Another puzzling aspect of the SARS epidemic are those people known as "superspreaders"—those who seem to be able to infect large numbers of people. From the beginning, scientists have been baffled at how one infected person can infect ninety people, while another can be ill without spreading the virus at all. Some researchers believe that people are superspreaders because of the way they cough—perhaps forcing more of the contaminated phlegm or spray from their lungs than do most patients. Others believe that some people have far more of the virus in their systems for some reason, and that makes them more likely to contaminate others.

On the other hand, researchers believe that some people who have had SARS have been able to fight off the virus without becoming ill. "I'm quite convinced that some people might have contracted the infection but not the disease," says one Hong Kong researcher. "Some may develop mild symptoms, like a little bit of cough and no fever; some may just feel a little tired for a day or two."38

This phenomenon is a mystery, just as the existence of superspreaders. Having people with the virus who do not become ill, however, is far more beneficial to the public. Scientists know that mild cases of SARS, where people do not exhibit any serious symptoms, are a good thing, because they act as natural vaccines.

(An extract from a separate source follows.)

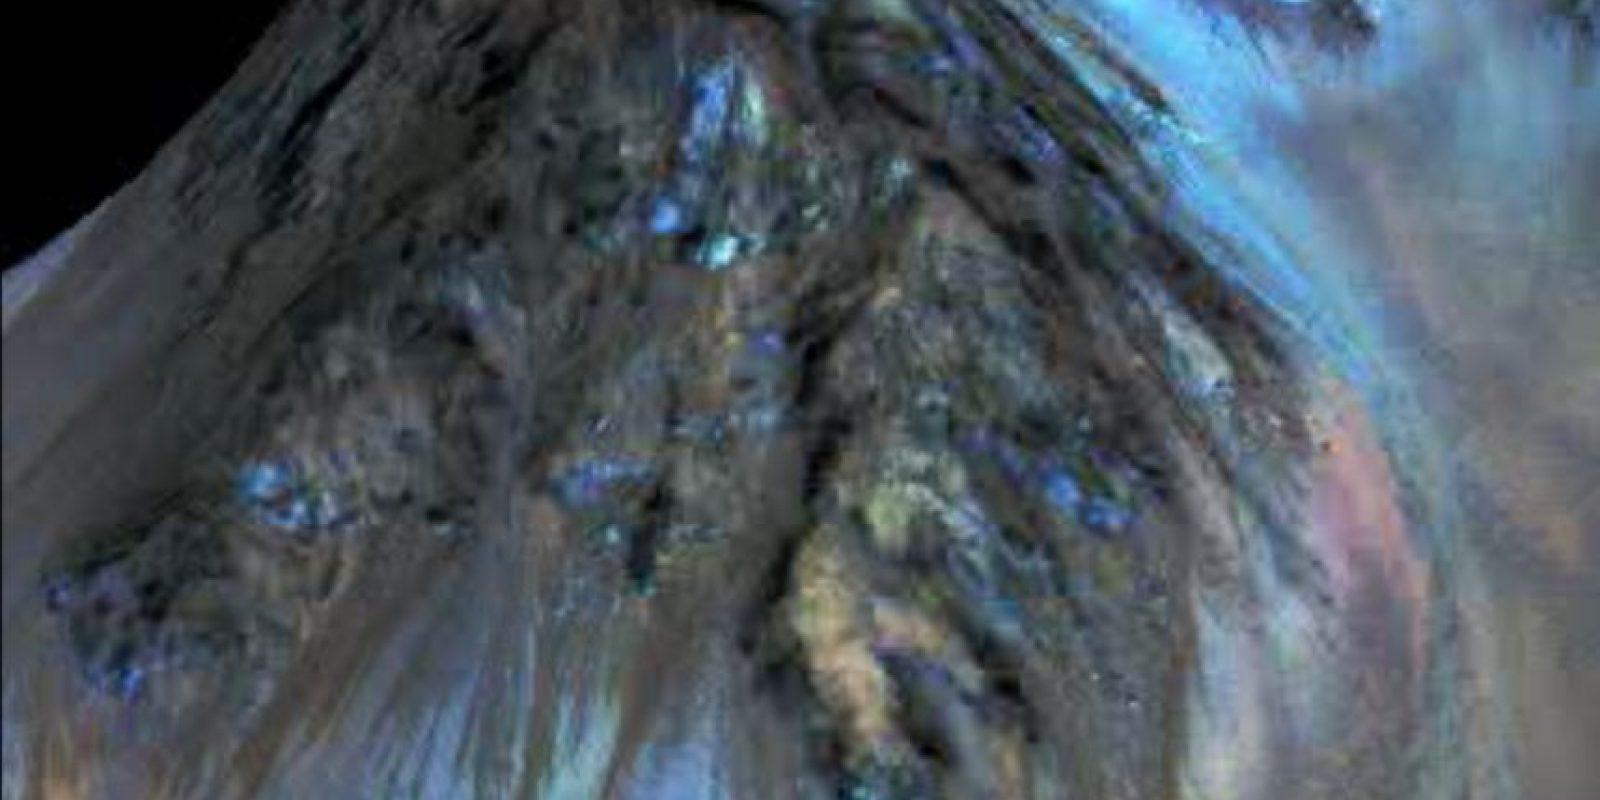 Las imágenes fueron recolectadas por la sonda Reconnaissance Orbiter (MRO) Foto:nasa.gov

People lucky enough to get only a mild infection will have immunity from the virus in the future.

No Cure in Sight

But for the majority of people, a case of SARS is a very serious threat—and one for which scientists have yet to find an effective cure. Treatment or prevention of the disease is an ongoing challenge, but doctors admit that there is much to be learned about the virus before cures are found. Until then, researchers hope that an existing drug for a different virus might give some relief.

In Hong Kong, for example, doctors have been giving some patients a combination of steroids and an antiviral drug called Ribavirin. Though they say it has had promising results in some cases, other researchers are doubtful because the drugs do not have an effect on the SARS virus in their labs. In other labs, researchers are testing other drugs, such as those for hepatitis, AIDS, asthma, and some cancers. They hope that the same enthusiasm and spirit of cooperation the international science community showed in identifying the virus will cure the disease as well.